Verbatim output, no pictures: the lines from the beginning of the material through the line with "Lower back pain assessment", both ends kept.

» Supplied material:
□ □ □ □
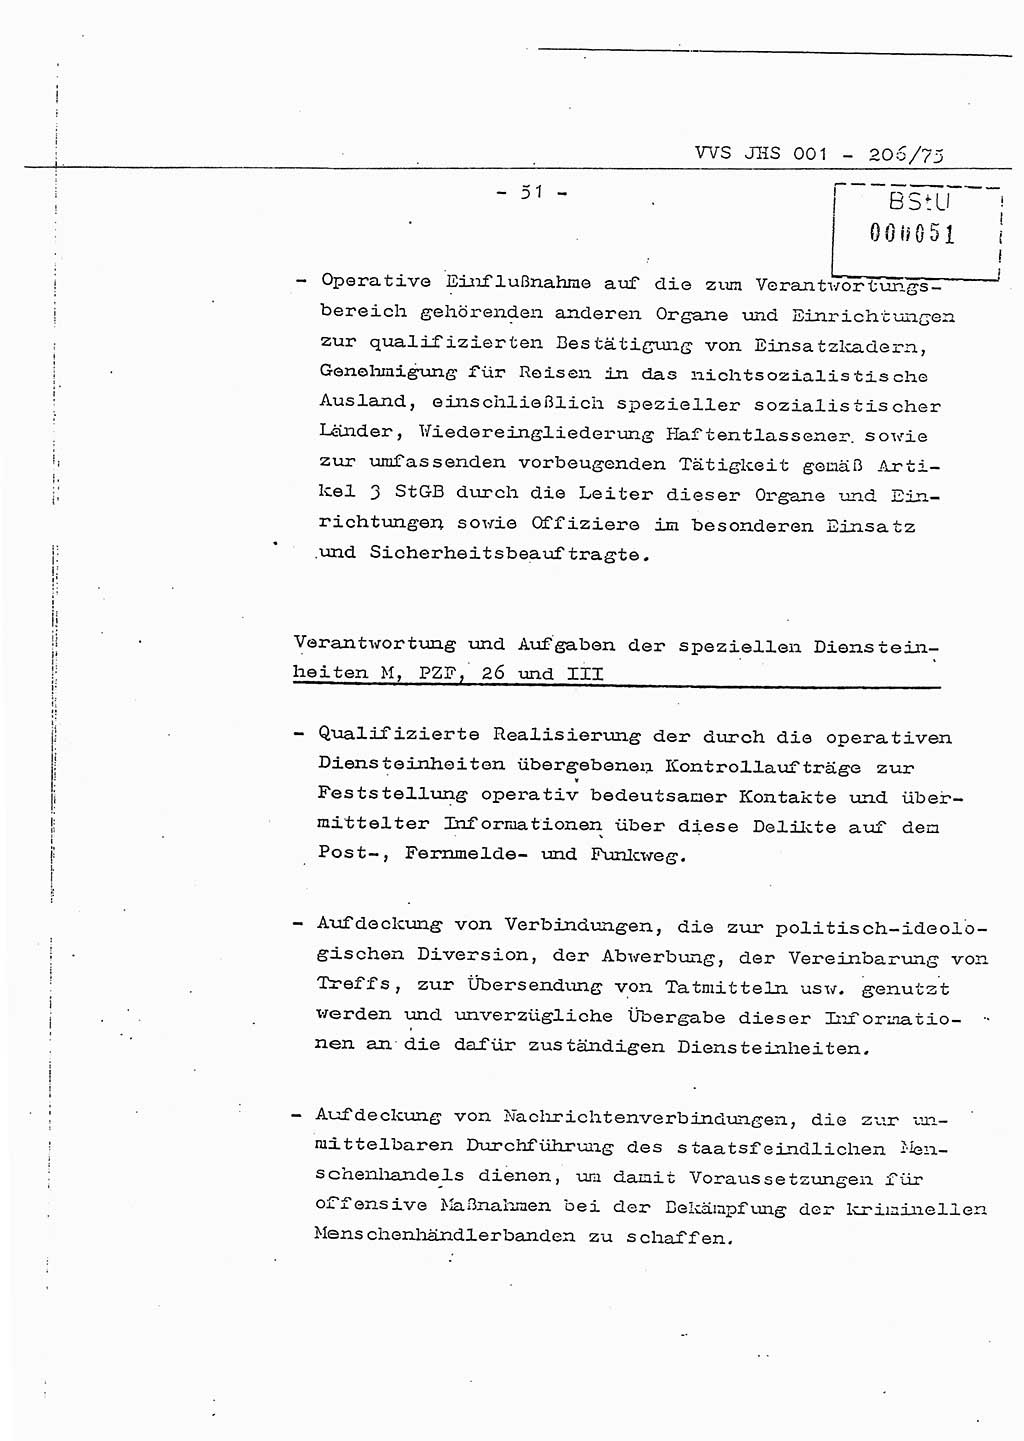 Dissertation Generalmajor Manfred Hummitzsch (Leiter der BV Leipzig), Generalmajor Heinz Fiedler (HA Ⅵ), Oberst Rolf Fister (HA Ⅸ), Ministerium für Staatssicherheit (MfS) [Deutsche Demokratische Republik (DDR)], Juristische Hochschule (JHS), Vertrauliche Verschlußsache (VVS) 001-206/75, Potsdam 1975, Seite 51 (Diss. MfS DDR JHS VVS 001-206/75 1975, S. 51)
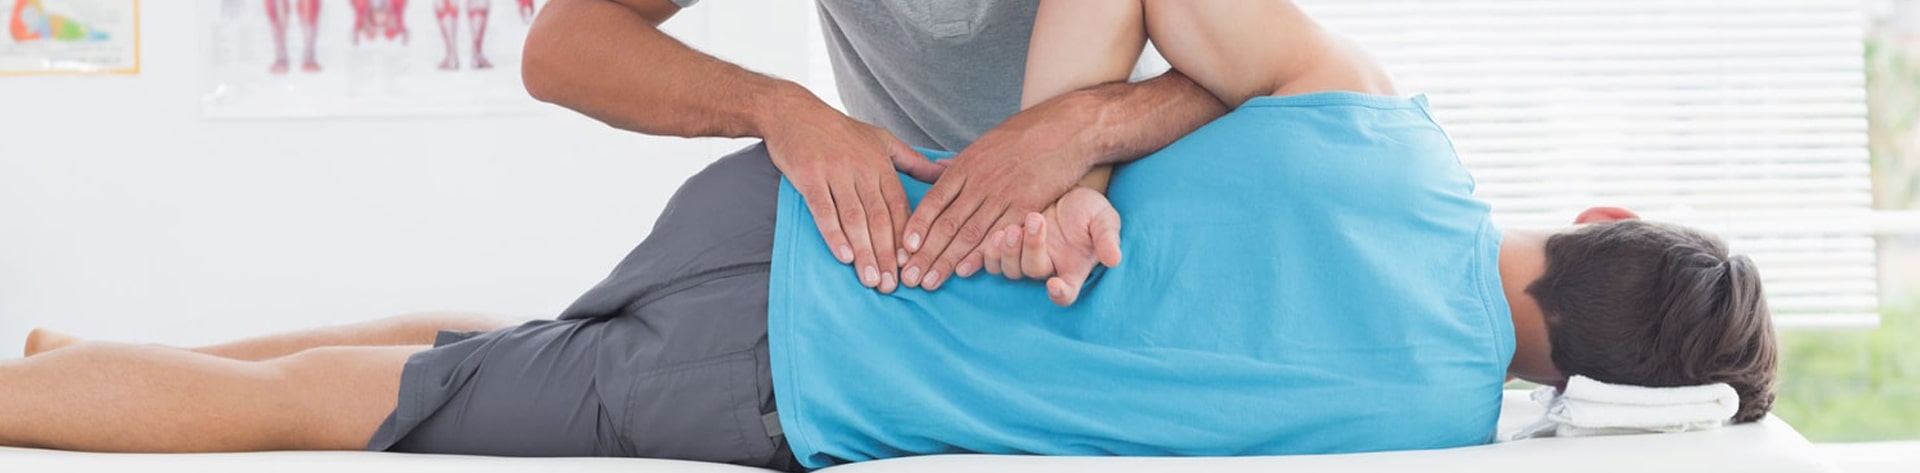 Lower back pain assessment
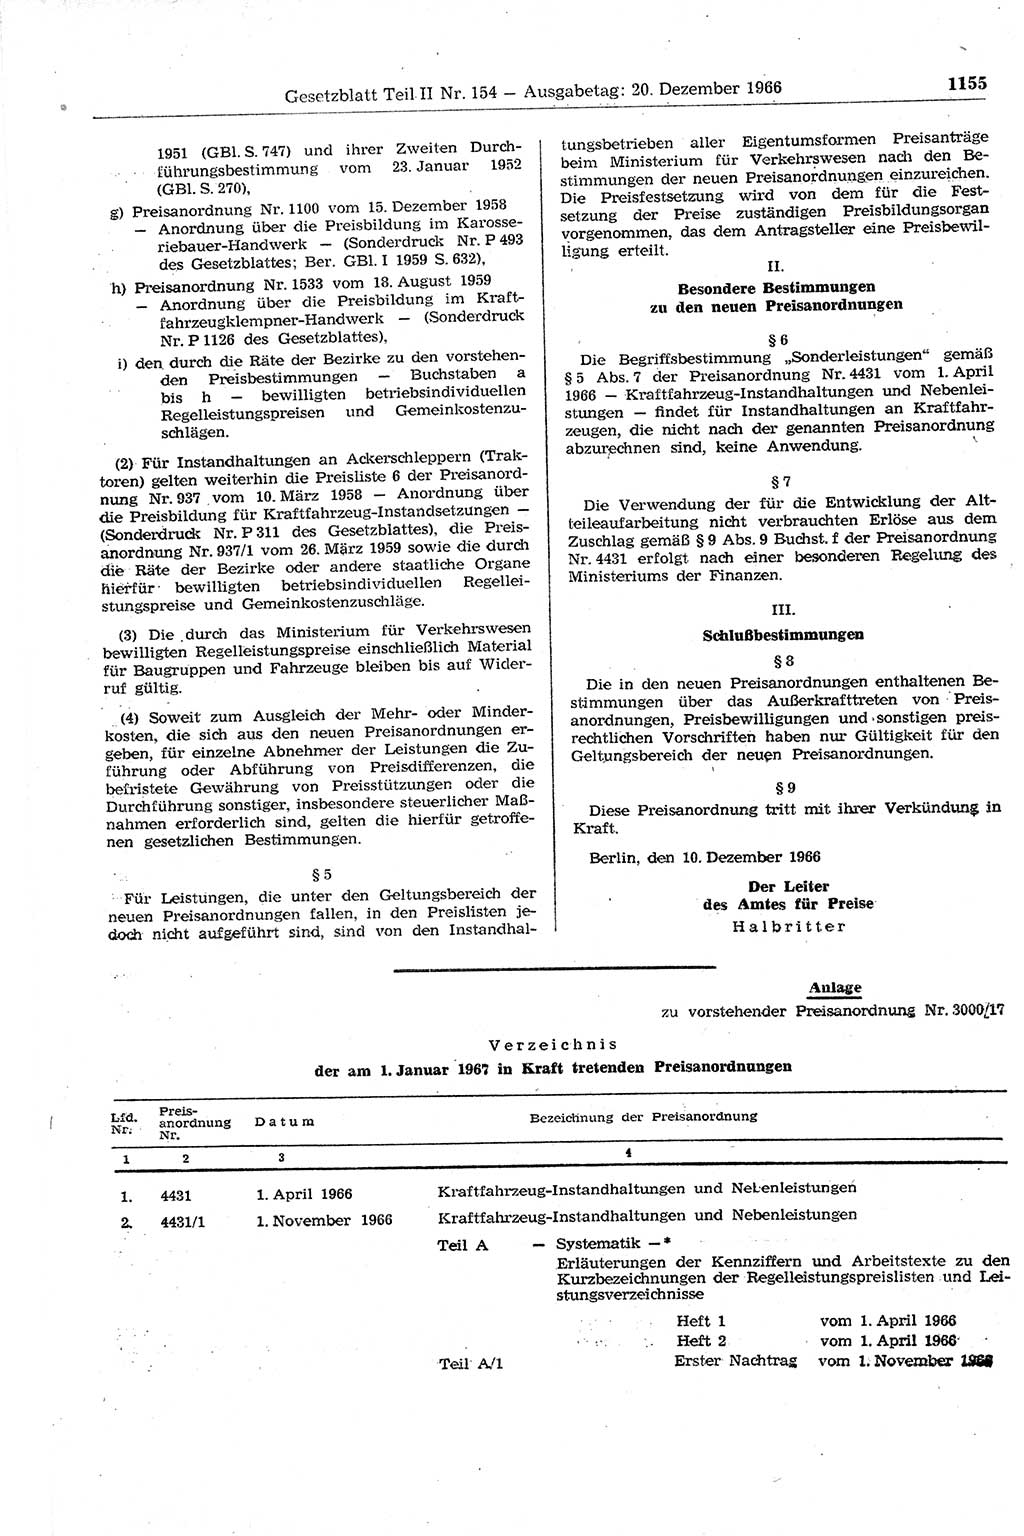 Gesetzblatt (GBl.) der Deutschen Demokratischen Republik (DDR) Teil ⅠⅠ 1966, Seite 1155 (GBl. DDR ⅠⅠ 1966, S. 1155)
□ □ □ □
» Exercise result:
 Dissertation Generalmajor Manfred Hummitzsch (Leiter der BV Leipzig), Generalmajor Heinz Fiedler (HA Ⅵ), Oberst Rolf Fister (HA Ⅸ), Ministerium für Staatssicherheit (MfS) [Deutsche Demokratische Republik (DDR)], Juristische Hochschule (JHS), Vertrauliche Verschlußsache (VVS) 001-206/75, Potsdam 1975, Seite 51 (Diss. MfS DDR JHS VVS 001-206/75 1975, S. 51)
 Lower back pain assessment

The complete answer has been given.